I collected some rsem isoforms.results files and created a data frame with the transcript ID, the isoform percentage, and an experimental condition (mutant or wildtype)
> head(one.var, n=8)
transcript_id IsoPct GENO.COHORT
3246628 ENSMUST00000000028 62.32 MUTANT
3381904 ENSMUST00000000028 61.87 MUTANT
3517180 ENSMUST00000000028 46.42 WILDTYPE
3652456 ENSMUST00000000028 53.99 WILDTYPE
3787732 ENSMUST00000000028 77.04 MUTANT
3923008 ENSMUST00000000028 37.67 MUTANT
4058284 ENSMUST00000000028 88.63 WILDTYPE
4193560 ENSMUST00000000028 69.87 WILDTYPE
> dput(head(one.var, n=8))
structure(list(transcript_id = c("ENSMUST00000000028", "ENSMUST00000000028",
"ENSMUST00000000028", "ENSMUST00000000028", "ENSMUST00000000028",
"ENSMUST00000000028", "ENSMUST00000000028", "ENSMUST00000000028"
), IsoPct = c(62.32, 61.87, 46.42, 53.99, 77.04, 37.67, 88.63,
69.87), GENO.COHORT = c("MUTANT", "MUTANT", "WILDTYPE", "WILDTYPE",
"MUTANT", "MUTANT", "WILDTYPE", "WILDTYPE")), row.names = c(3246628L,
3381904L, 3517180L, 3652456L, 3787732L, 3923008L, 4058284L, 4193560L
), class = "data.frame")
Now I'd like to see what genes have altered transcript proportions in the mutant condition. So I thought I'd start by looking for changes in the percent abundance for individual transcripts, and then merge the gene infraction back in afterwards.

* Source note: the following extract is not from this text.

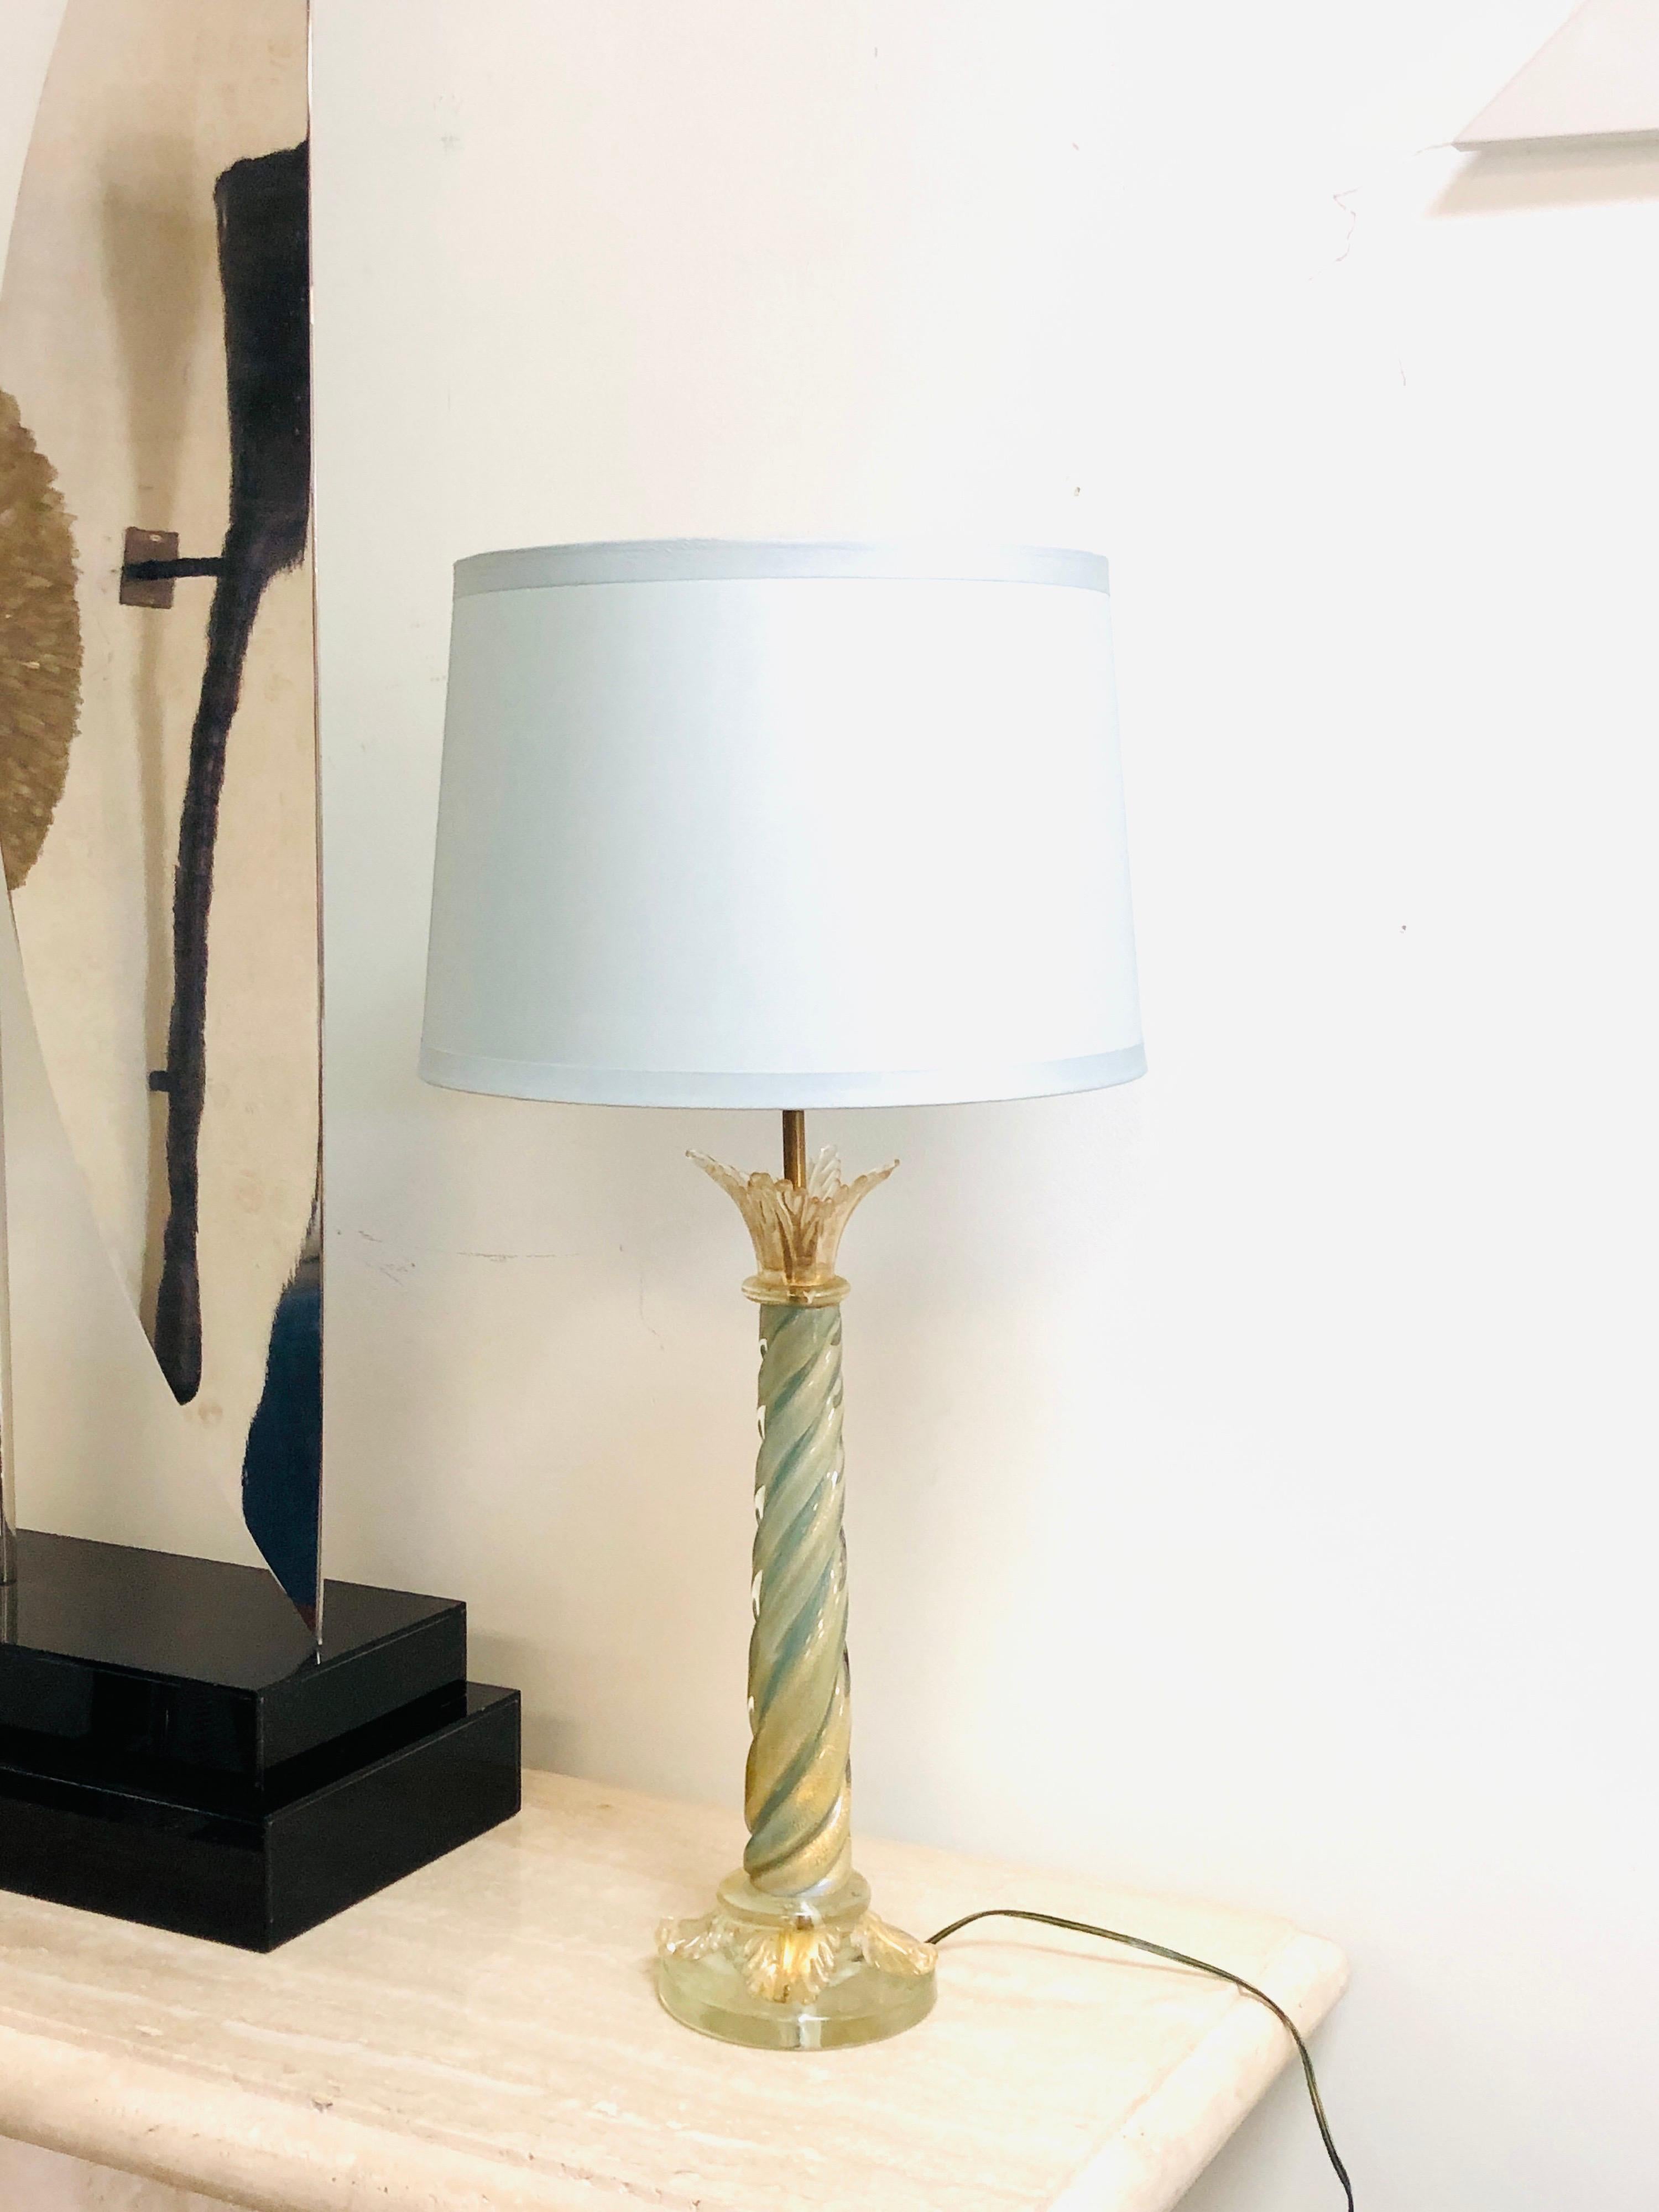 Magnificent mid century murano table lamp. Retains original double socket cluster. Needs a shade. Art glass base is 19

transcript.list <- sort(unique(as.character(one.var$transcript_id)))
last.transcript <- tail(transcript.list, n = 1)
test.res.frame <-
lapply(transcript.list, function(one.transcript) {
temp <- one.var[one.var$transcript_id == one.transcript ,]
print(paste0(one.transcript, " ", last.transcript))
if (length(unique(temp$IsoPct)) > 1) {
test.res <- wilcox.test(IsoPct ~ GENO.COHORT, temp)
return(list(transcript_id = one.transcript, p.value = test.res$p.value))
} else {
return(list(transcript_id = one.transcript, p.value = NA))
}
})
test.res.frame <- do.call(rbind.data.frame, test.res.frame)
test.res.frame$p.adj <- p.adjust(test.res.frame$p.value)
I think this is going to take ~ 40 minutes to loop through 135k transcripts on a single core, and I have other datsets that I want to process in a similar fashion.
Is there some existing base R or Bioconductor function that can do a two-way test like this on all transcripts in bulk? Should I just use something like mclapply?
So far I have only tried RATS, but it's clearly more sophisticated than anything I could have thrown together. It's also faster than what I described above, but it still takes several minutes on a modern Windows laptop. I haven't looked into multi-threading for tximport or RATS yet. I also need to do more reading about the consequences of different kinds of normalization during tximport.
I found browseVignettes("rats") to be the best way to study RATS
I'm looking forward to trying isoformSwitchAnalyzeR since it offers Functional Consequences analysis.